曲文歆是第一次见到这间房屋,他站在客厅,眼神掠过这十平米的地方,他在沙发上坐下,垂着眼皮的模样是少有的颓然与失落。


    曲遥就站在卧室门口,他长得高大,身姿却是形销骨立,掰着门框的手指泛起森然的白。


    防盗门被人从外面踹开,撞到墙上的声音令两人都回过神来。


    曾敬淮面色冷若冰霜,步子跨得很大,阴厉的目光在客厅扫视了一遍,朝卧室走去,在听到哭声时,他身影陡然一顿。


    他迎着哭声,掀开布,他的新娘蜷缩成了小小的一团,哭得满脸是泪。


    车后座,人已经哭累了,眼皮红肿,湿哒哒的垂下,胸口起伏平稳。他抱着人,从一开始的暴怒到现在,只剩下了心疼。


    下午吹起了风,树荫摇曳,车子平稳地拐过龙湖湾前的湖庭,在家门口停下。


    宾客已经走了,只剩下一些佣人在打扫花园,方信停好车后,迅速将后车门打开。


    曾敬淮抱着熟睡的人,拢着后脑勺小心翼翼地下了车。


    曾至严已经换下了上午的西装,他穿的一件短袖坐在沙发里喝茶,见儿子不是独自回来时还笑了下,“回来了。”
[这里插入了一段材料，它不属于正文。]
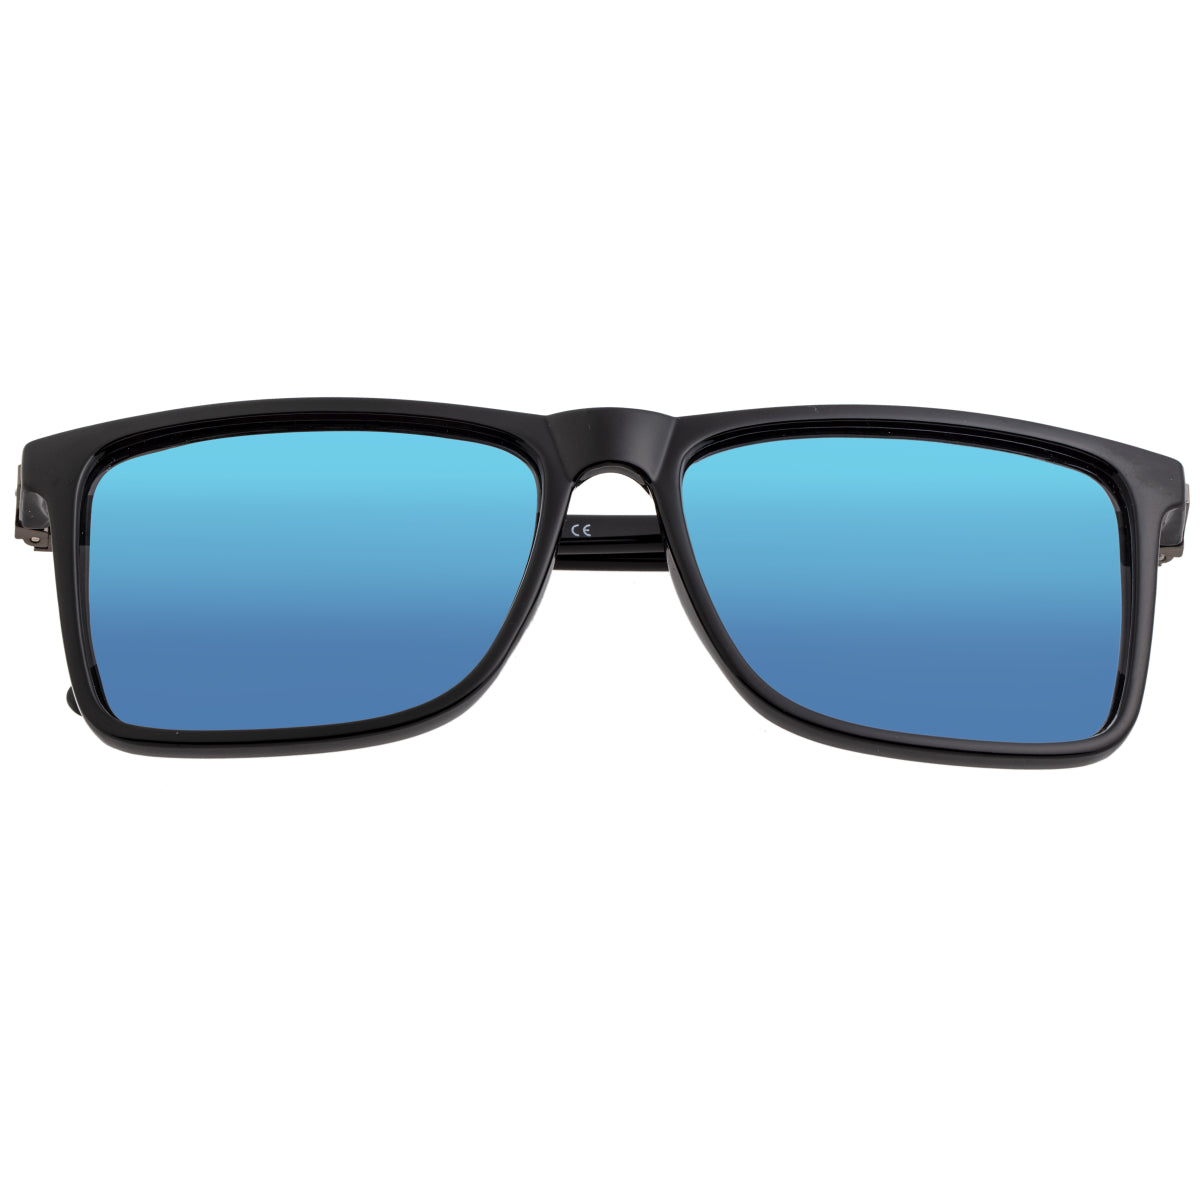 Breed Caelum Polarized Sunglasses - Black/Blue - BSG063BL

    曾敬淮将吕幸鱼身上的婚纱脱下,换上柔软的睡衣,却发现他的脚底红肿,还分布着细碎的伤口,他抿起唇,用温热的毛巾擦拭干净后,才拿碘伏消毒处理。


    吕幸鱼毛绒绒的头陷进了枕头里,脸蛋潮红,睫毛也是湿漉漉的。


    下唇肉有着齿印,曾敬淮拂过他的额发,俯下身,吻在他的唇瓣上。


    等到夜晚,两人还没有下来,曾至严都准备离开了,曾敬淮急匆匆地从楼上跑了下来,他说:“给医生打电话,小鱼发烧了。”


    曾至严立刻拿出了手机给医生拨去了电话。


    打完后,他才问道:“你手机呢?”


    曾敬淮有些烦躁,他用力抹了把额头,“不知道。”


    医生来得很快,先是打了退烧针,后又挂上了吊瓶。


    打针时,吕幸鱼伏在曾敬淮怀里,眼都没睁,泪水却不停的往下滚,他嗓音嘶哑,委屈巴巴地揪着曾敬淮的头发说:“疼、好疼....我不要打针...我好疼啊...”


    他揪得没轻没重的,曾敬淮眉毛都没动一下,只是低声哄着他,“乖啊,不疼,你发烧了宝宝...不疼,我让医生轻一点...”


    他把人摁住,医生眼疾手快地扎了进去。


    吕幸鱼趴在他肩上哭得可怜,泪水渗透他的衣服,小声的低泣。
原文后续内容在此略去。